Key to achieving these targets, will also be action to renovate the EU’s housing and building stock to reduce energy consumption. The Commission wants all member states to renovate a minimum of 3% of the total floor area of all public buildings each year, while setting a benchmark of 49 %of renewables in buildings by 2030. Member states would also be required to increase the use of renewable energy in heating and cooling by 1.1% each year until 2030.
Support for vulnerable citizens during the transition
A new Social Climate Fund is proposed to support those EU citizens most affected or at risk of energy or mobility poverty, to ensure a fair transition. The Fund should provide €72.2bn over a seven-year period to finance renovation of buildings, access to low emission mobility and, potentially, income support.

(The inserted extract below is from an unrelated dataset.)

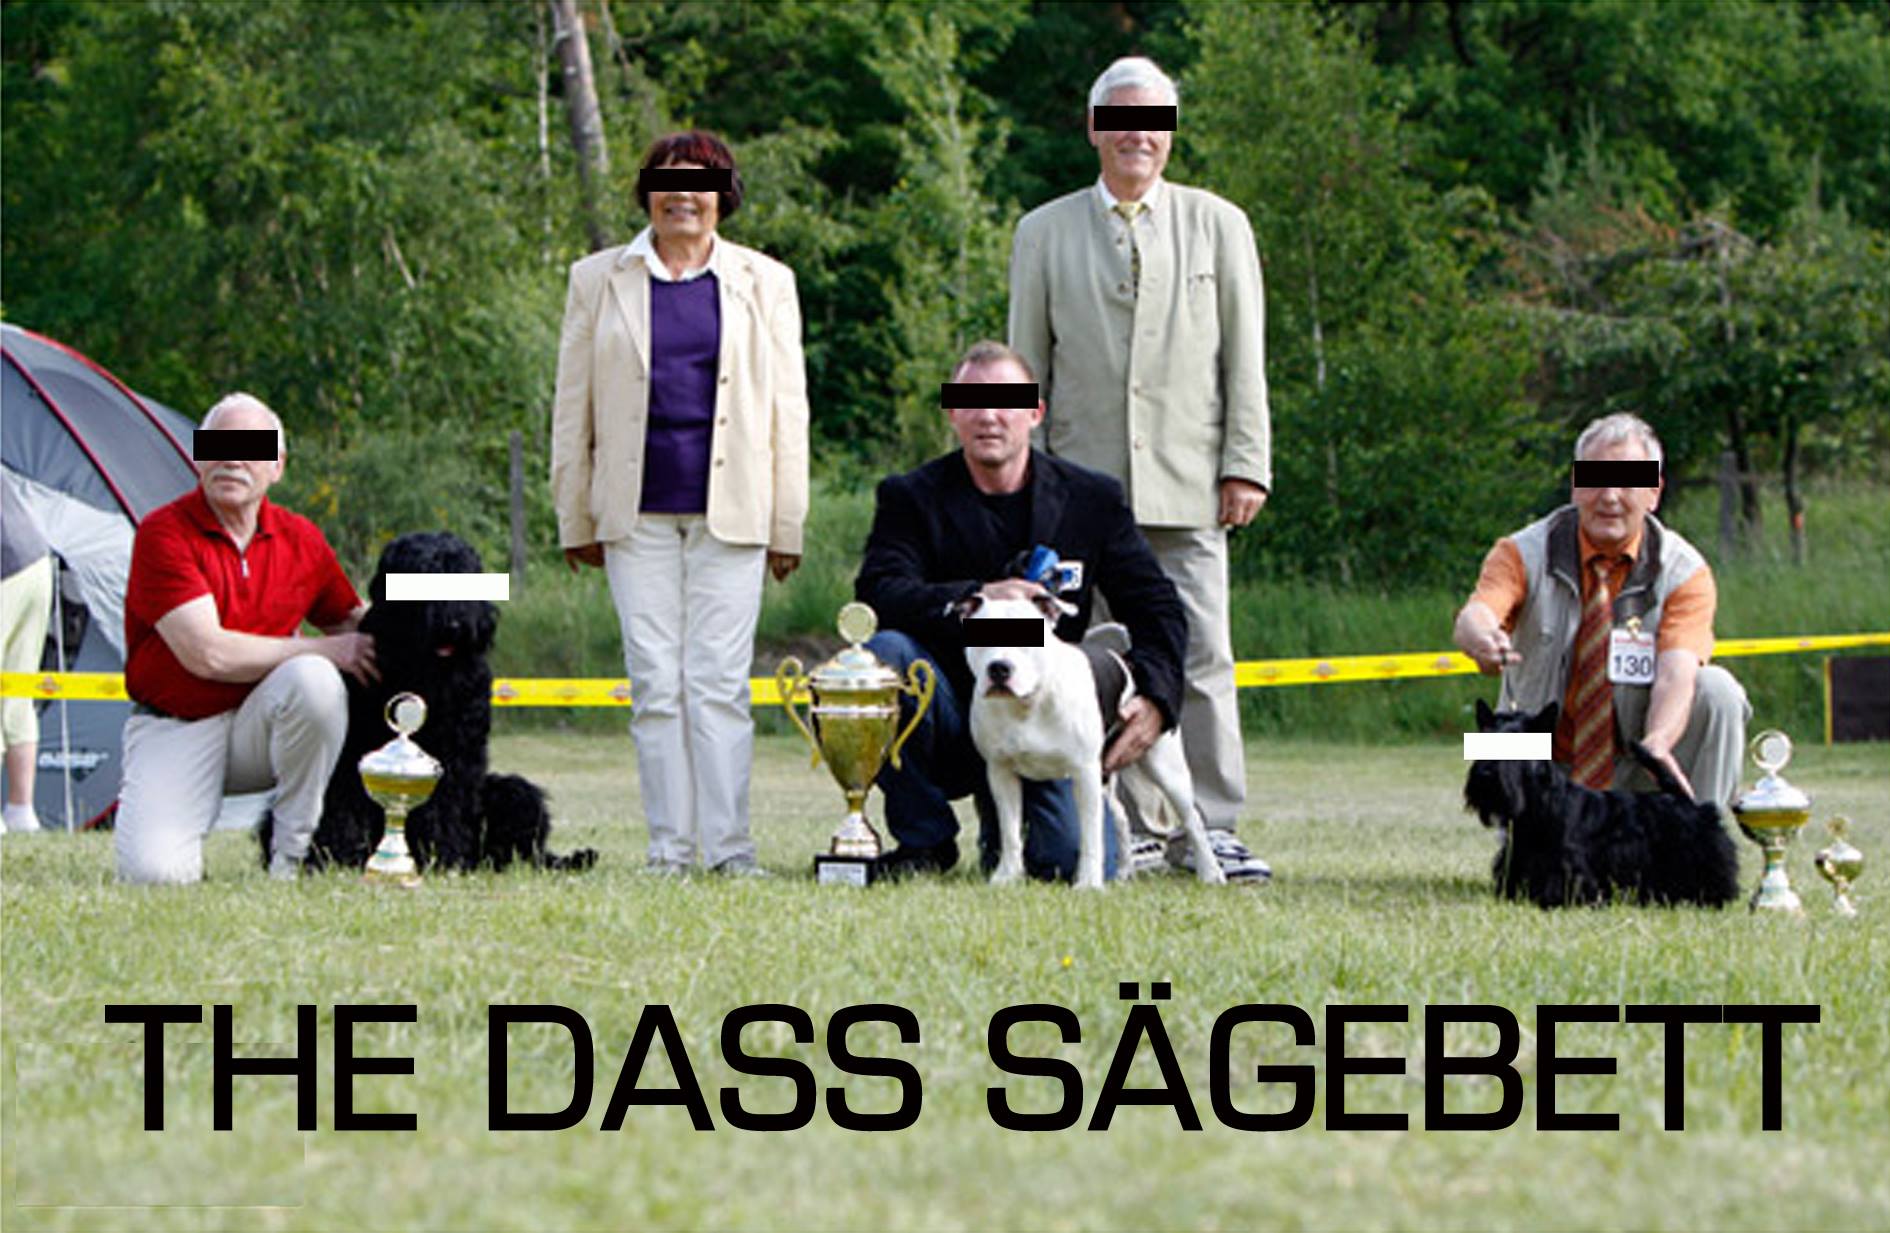 THE DASS SÄGEBETT

Restoring nature and enabling biodiversity
Measures to restore the EU’s forests, soils, wetlands and peatlands are set out to help increase the continent’s natural carbon sink while helping to mitigate the impact of climate change. An overall EU target for carbon removals by natural sinks is proposed, equivalent to 310m tons of CO2 emissions by 2030. By 2035, climate neutrality should be achieved in the land use, forestry and agricultural sectors. As previously set out in the EU’s biodiversity strategy, the EU wants to see 3bn trees planted by the end of the decade, alongside sustainable use of bioenergy which ensures the protection of areas of high biodiversity value.

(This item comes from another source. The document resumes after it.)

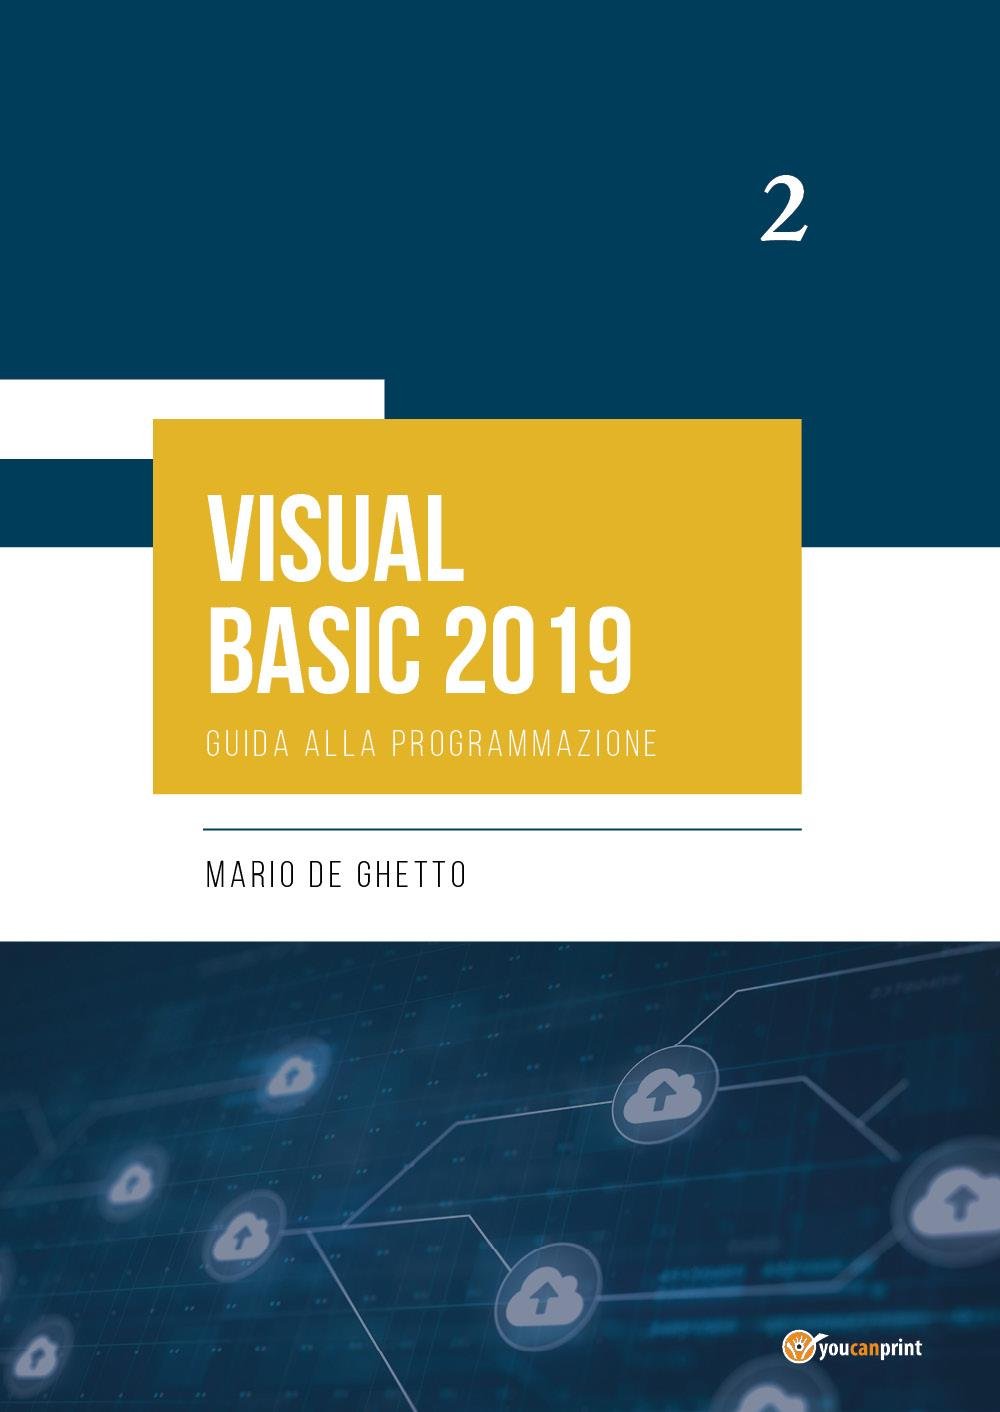 VISUAL BASIC 2019 - Guida alla programmazione
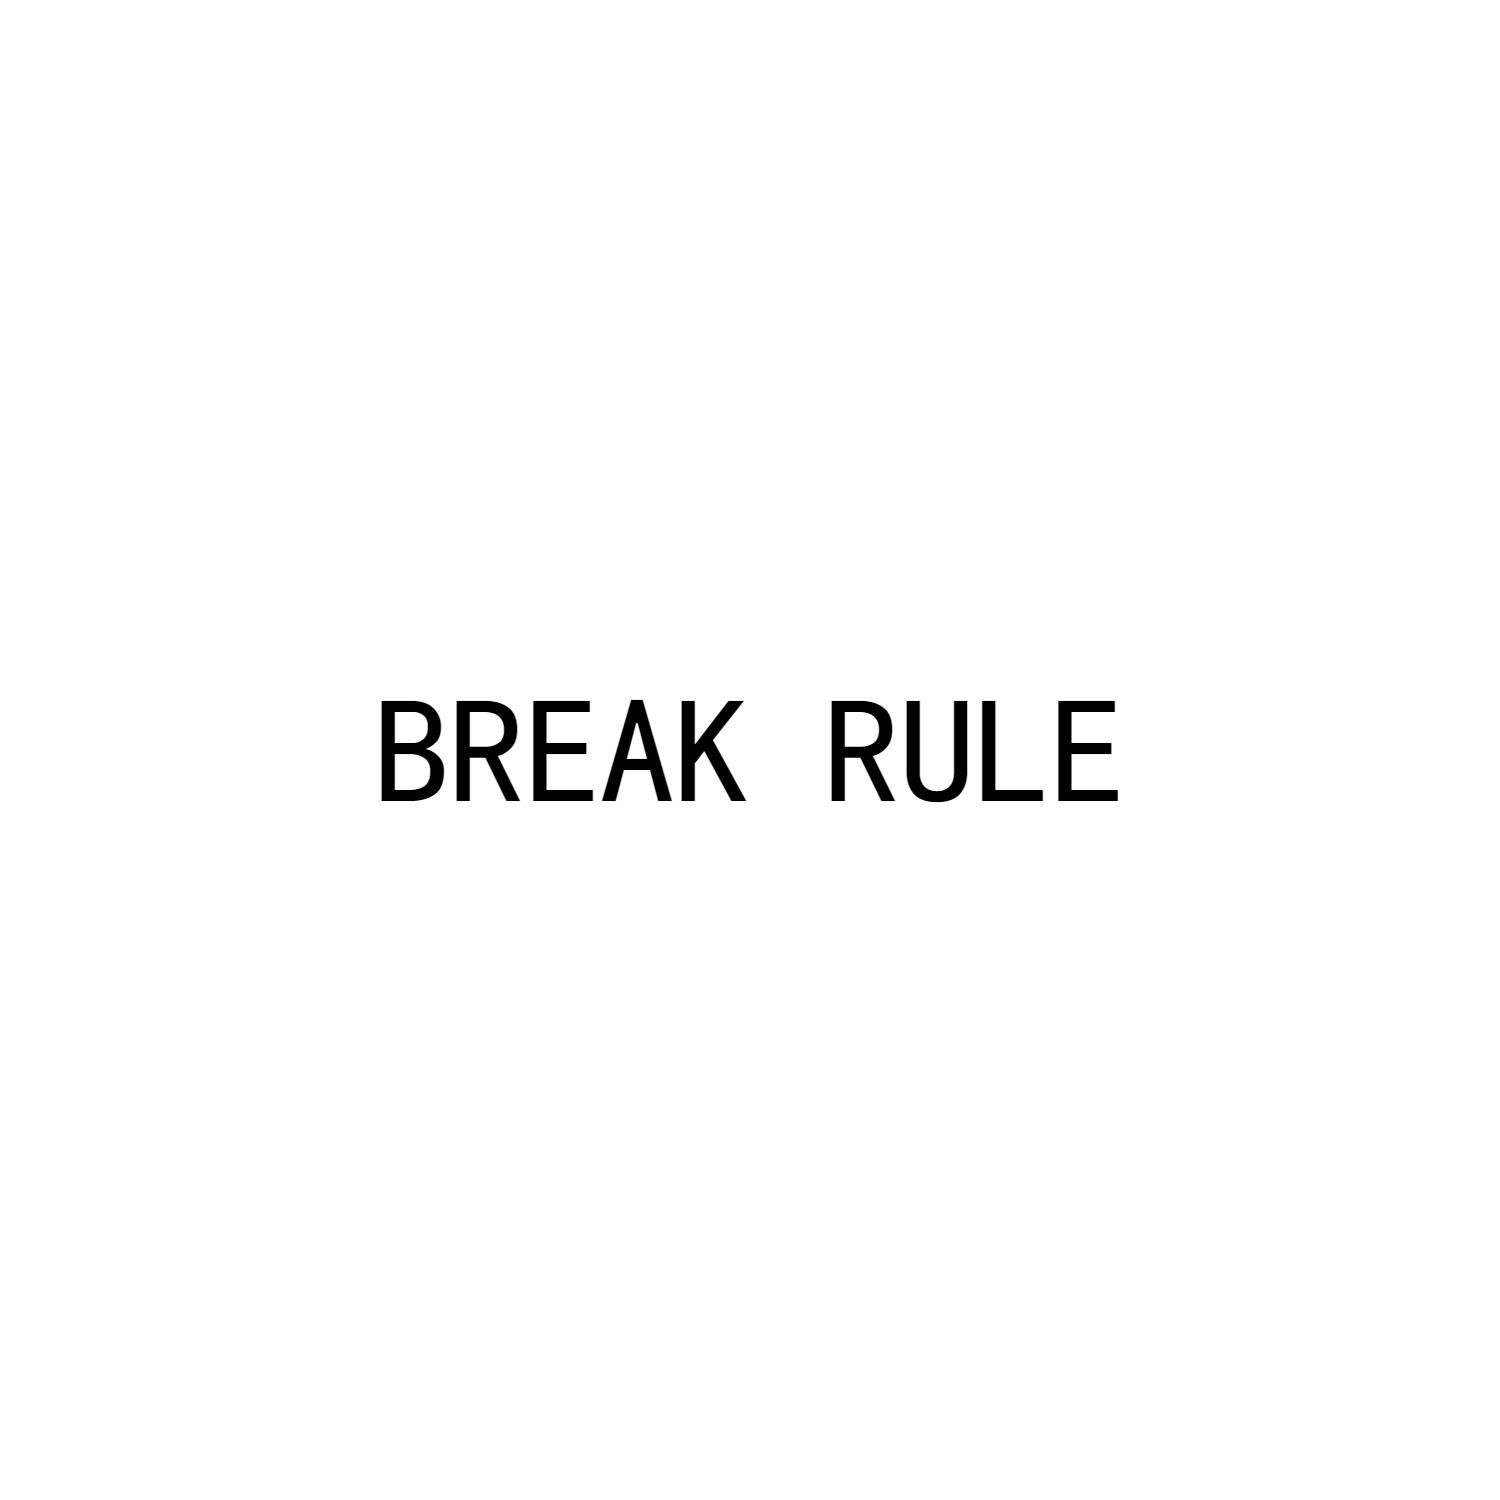 BREAK RULE

Responding to the package, Michael Izza, ICAEW CEO, said “The measures set out by the European Commission are the latest in a series of important announcements, including the UK’s Transport Decarbonisation Plan, the G7 commitment to mandatory climate change reporting and the G20 recognition of the importance of carbon pricing. Taken together, these show that we are now moving on from talking about ambitions to mapping out the pathway to comprehensive change. Implementation needs to follow swiftly if we are to meet the goals of the Paris Agreement.”
Richard Spencer, ICAEW Director for Technical Thought Leadership, also noted “The Commission is showing real leadership with the adoption of this potentially transformative package. This is what we need to see – and we need similar momentum across the globe. Carbon pricing is central to delivering carbon neutrality and we welcome both the proposed changes to the EU ETS and the growing international recognition, as also expressed recently by the G20, that such mechanisms will play a key role in promoting decarbonisation.”
Susanna Di Feliciantonio, ICAEW Head of European Affairs, added “The publication of the package now kicks off a charged scrutiny and lobbying period. Finding consensus will not be easy but it is important that the ambitious spirit of the Commission’s proposed measures make it onto the statute books quickly if real change is to be implemented in the next ten, critical years.”